** The data follows **

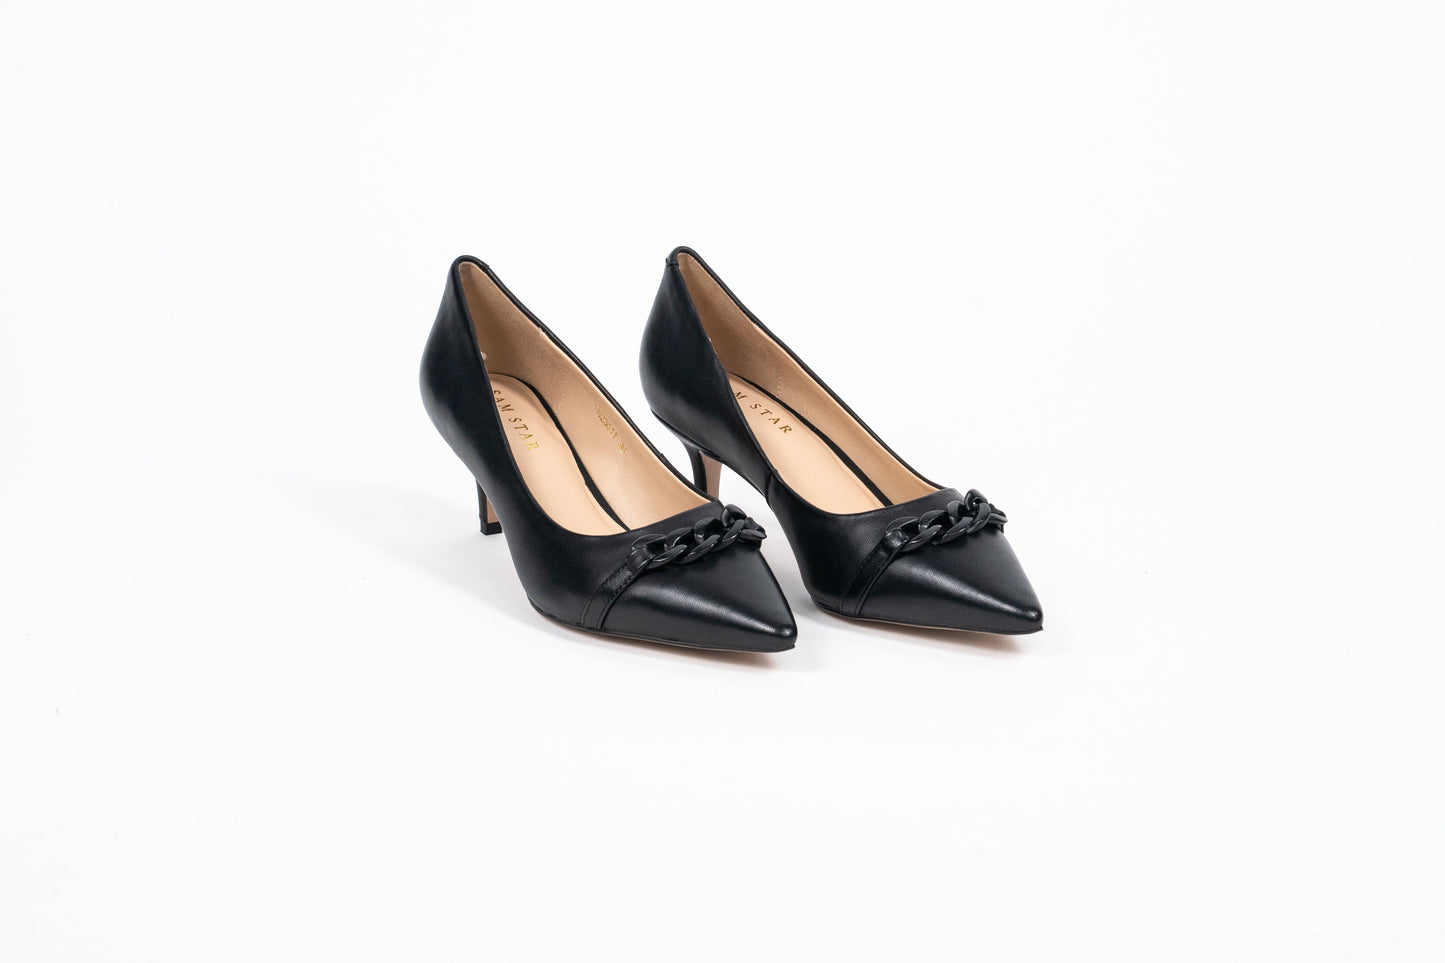 SS23011 Leather court shoes with chain detail - Black (New Arrival) ladies shoes Sam Star shoes Black 41/8 
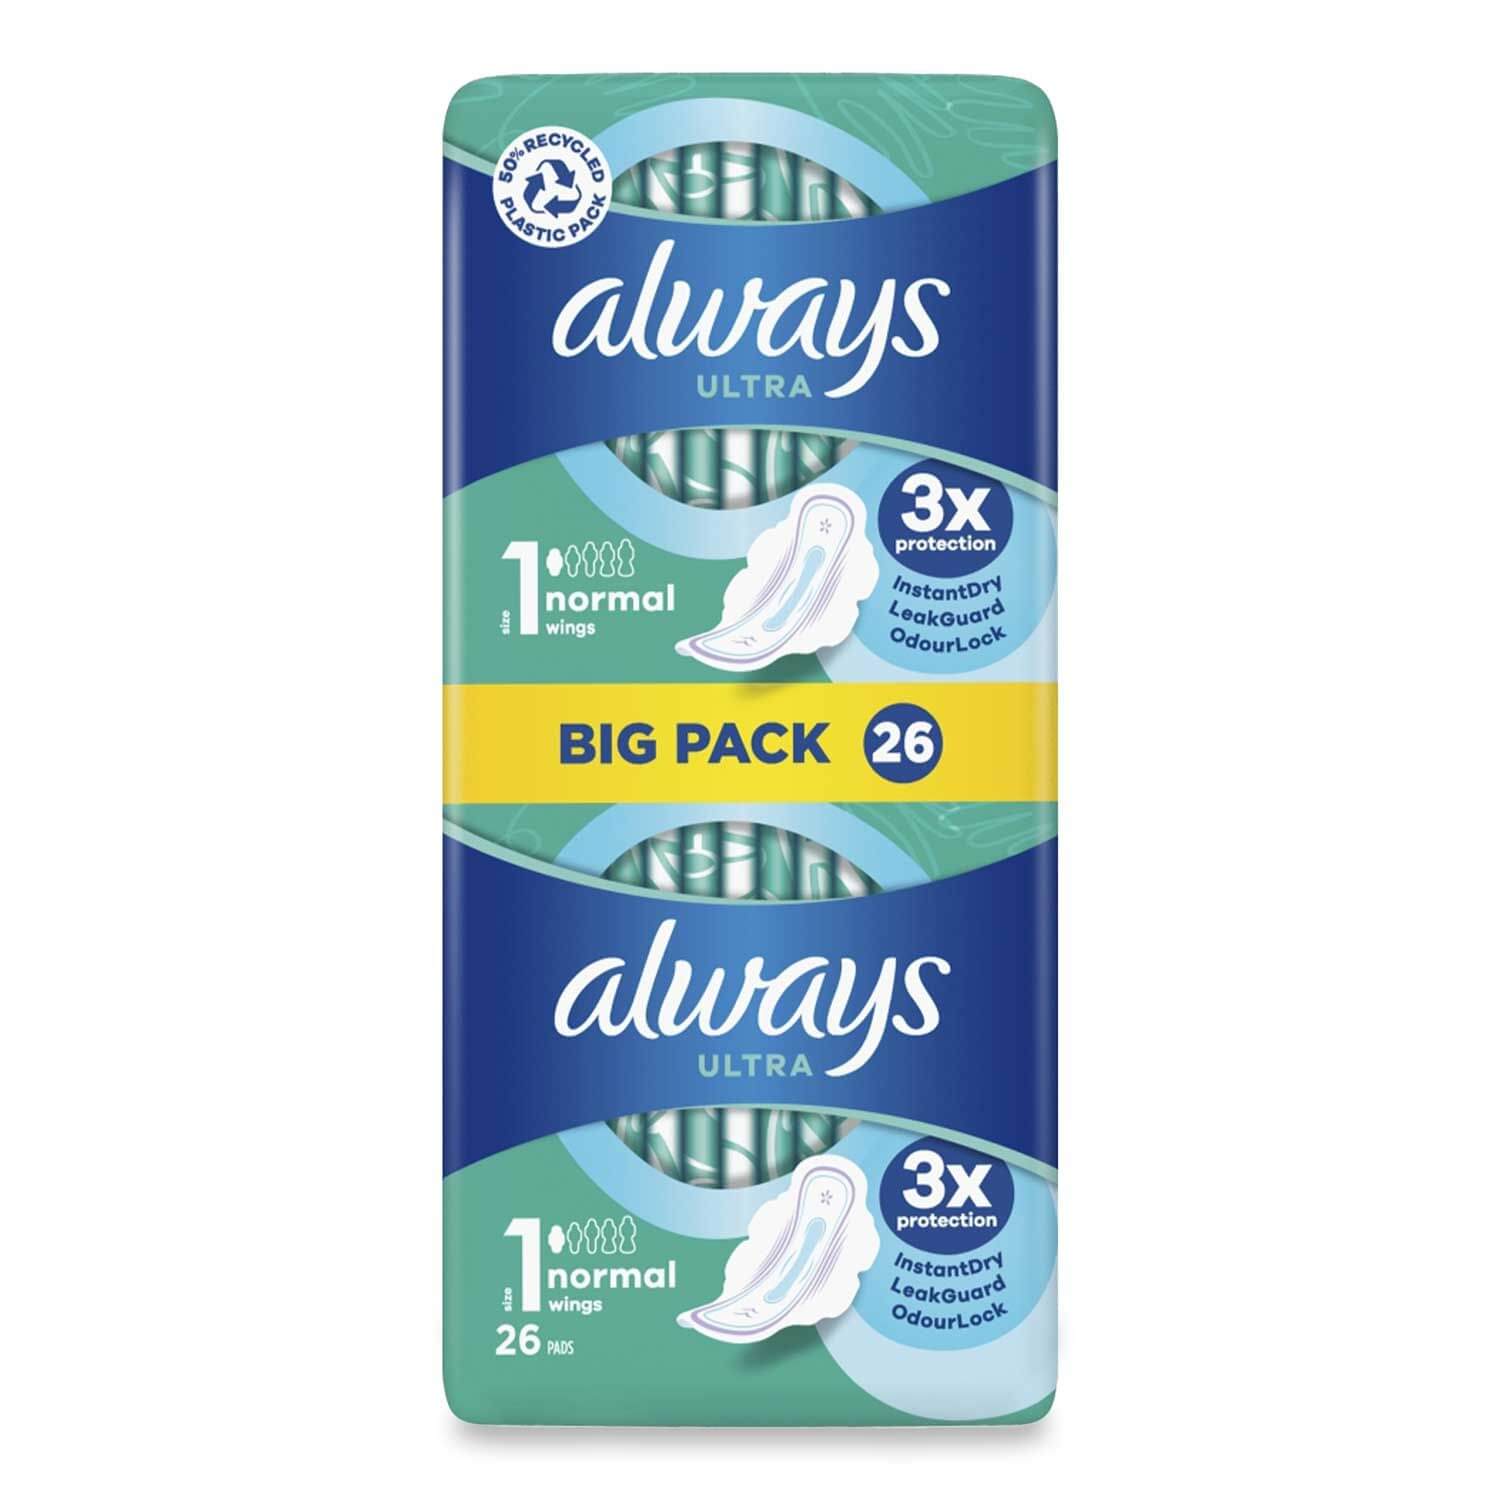 Always Ultra Normal Duo Pack 26s
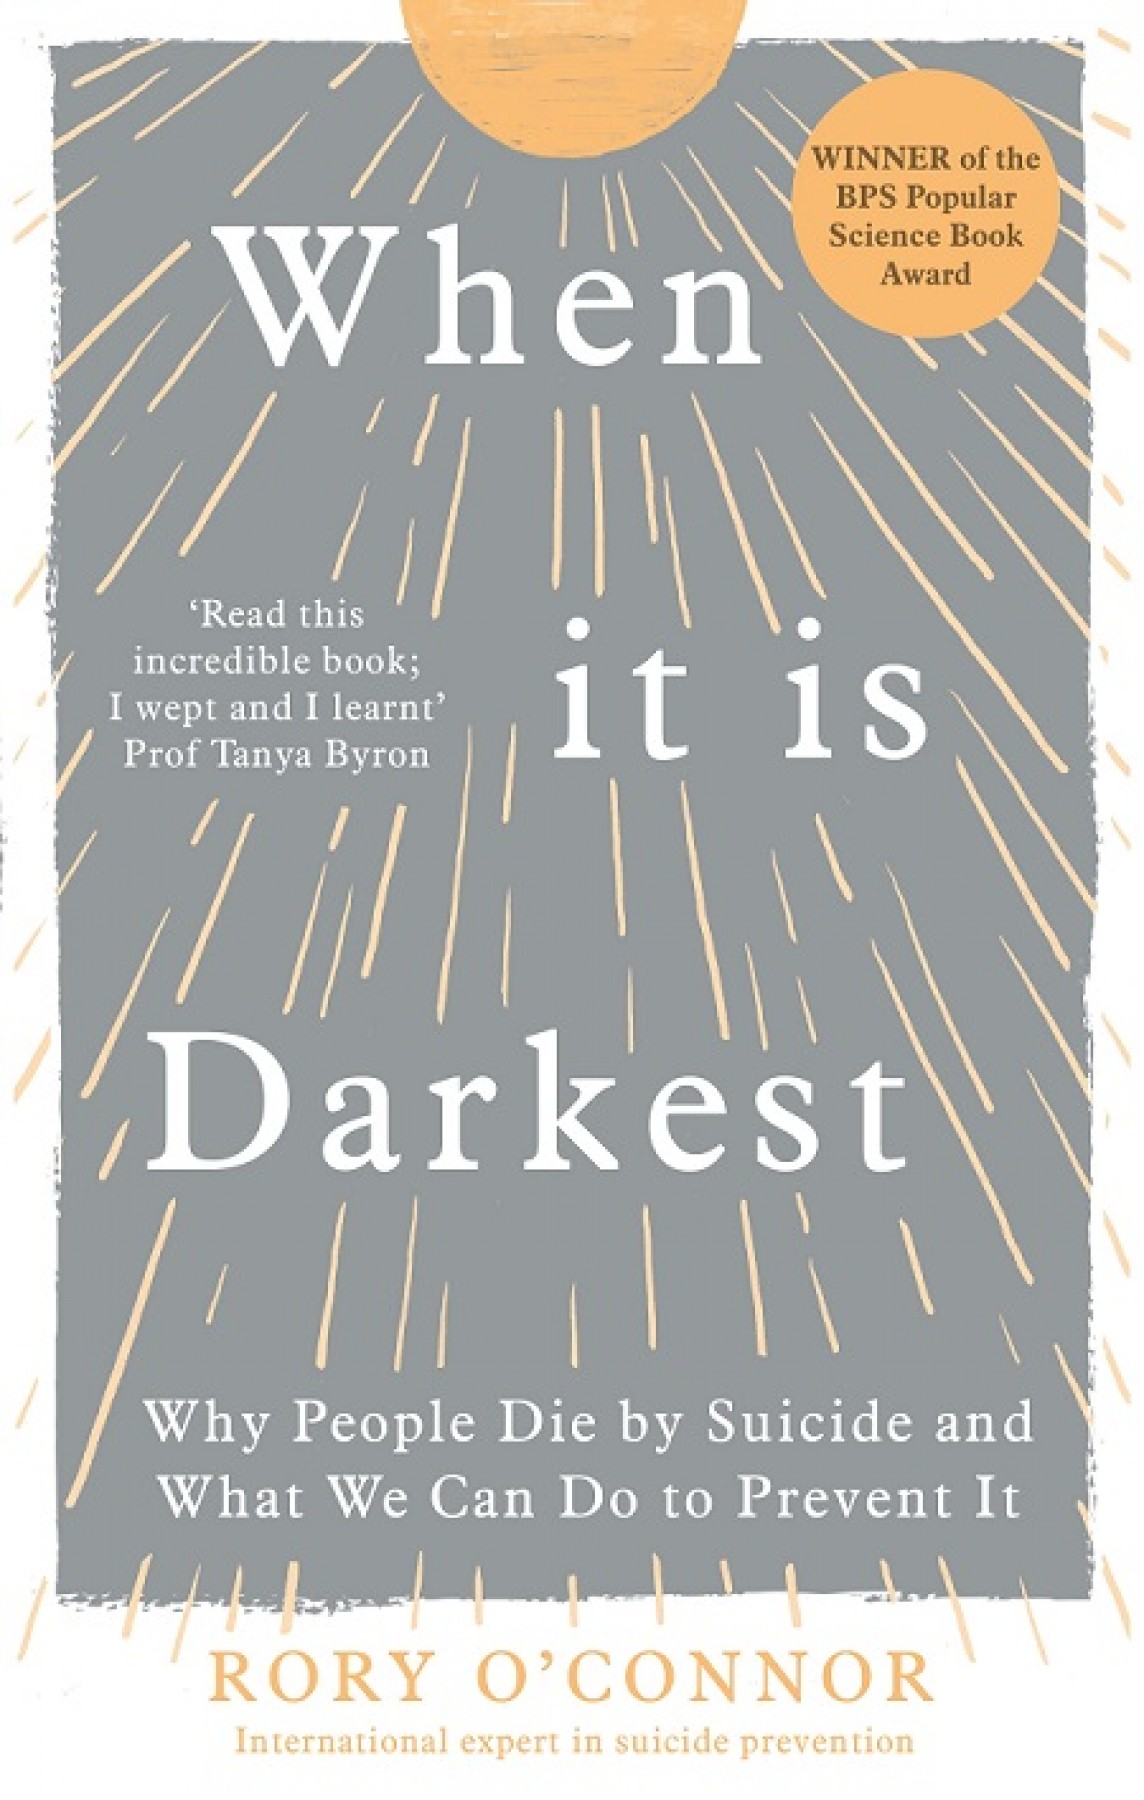 When it is darkest: Why people die by suicide and what we can do to prevent it
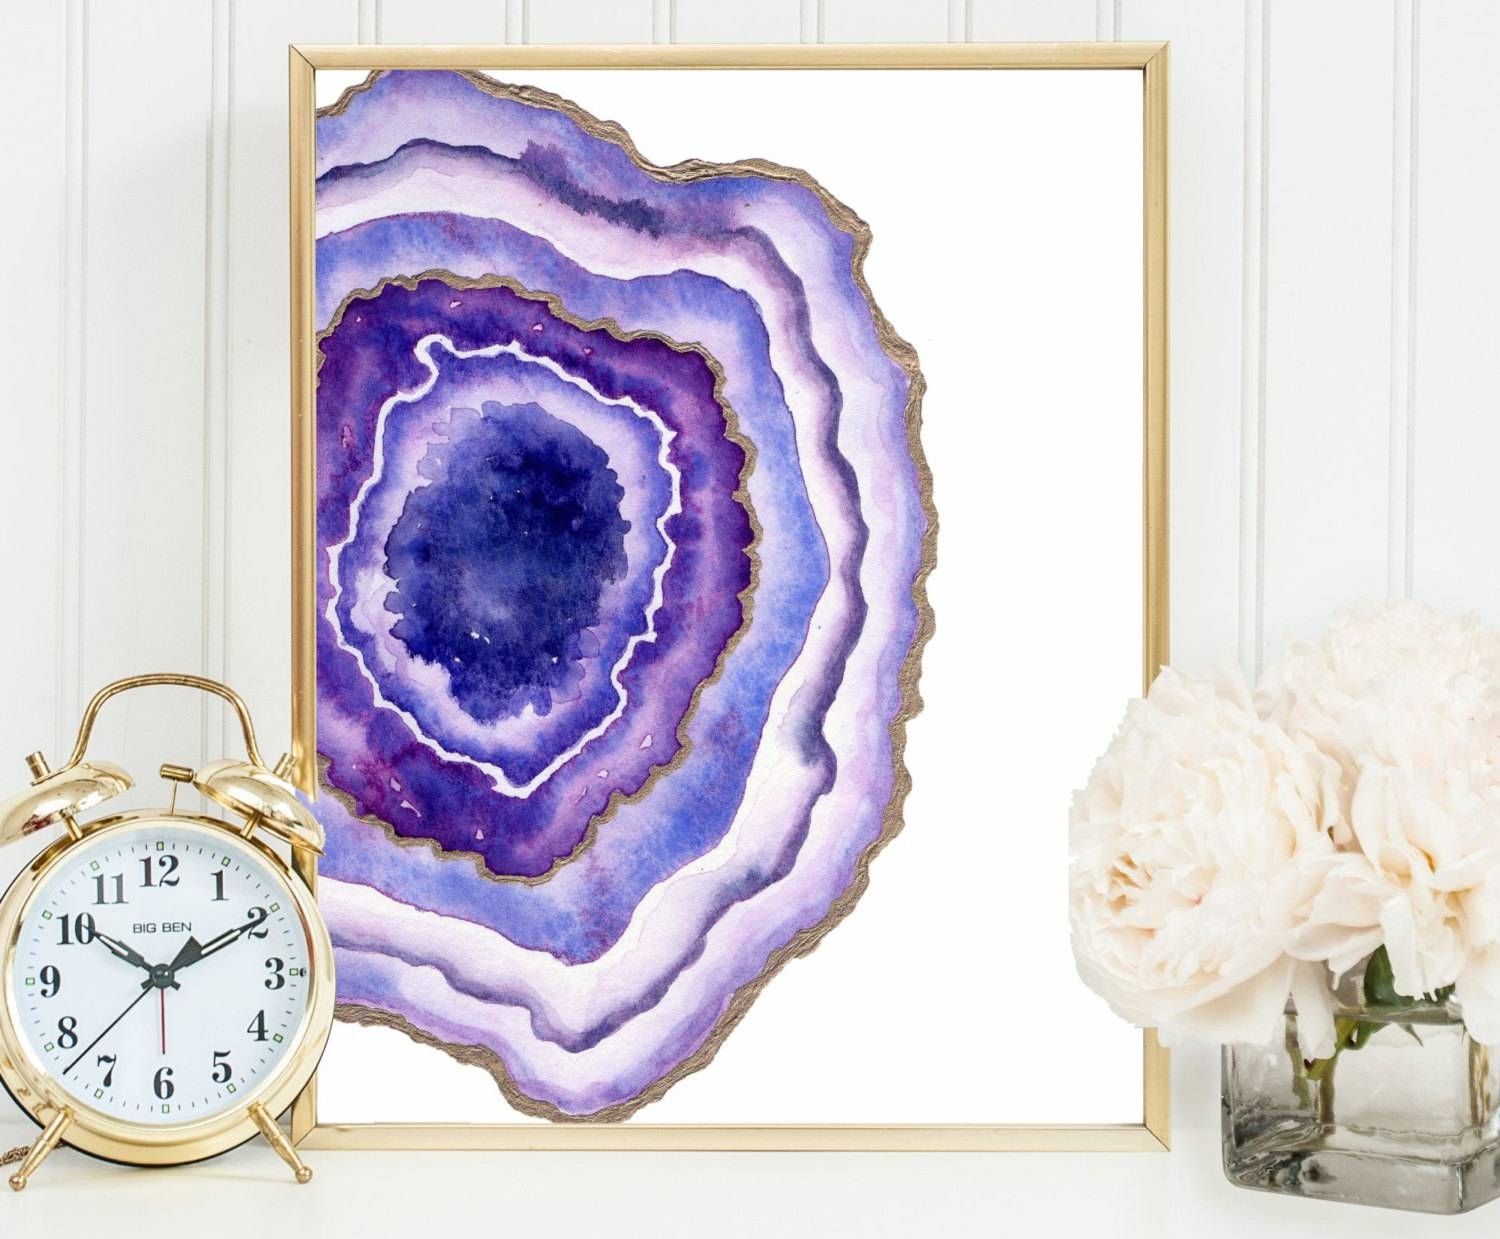 Geode Agate Slice Art Geode Print Gemstone Wall Decor For Most Recently Released Gemstone Wall Art (Gallery 5 of 31)

** End of The data **

▶ **Task description**:
The entire listing is to be printed exactly, with each picture omitted.

▶ **Output**:
 SS23011 Leather court shoes with chain detail - Black (New Arrival) ladies shoes Sam Star shoes Black 41/8 
 Always Ultra Normal Duo Pack 26s
 When it is darkest: Why people die by suicide and what we can do to prevent it
 Geode Agate Slice Art Geode Print Gemstone Wall Decor For Most Recently Released Gemstone Wall Art (Gallery 5 of 31)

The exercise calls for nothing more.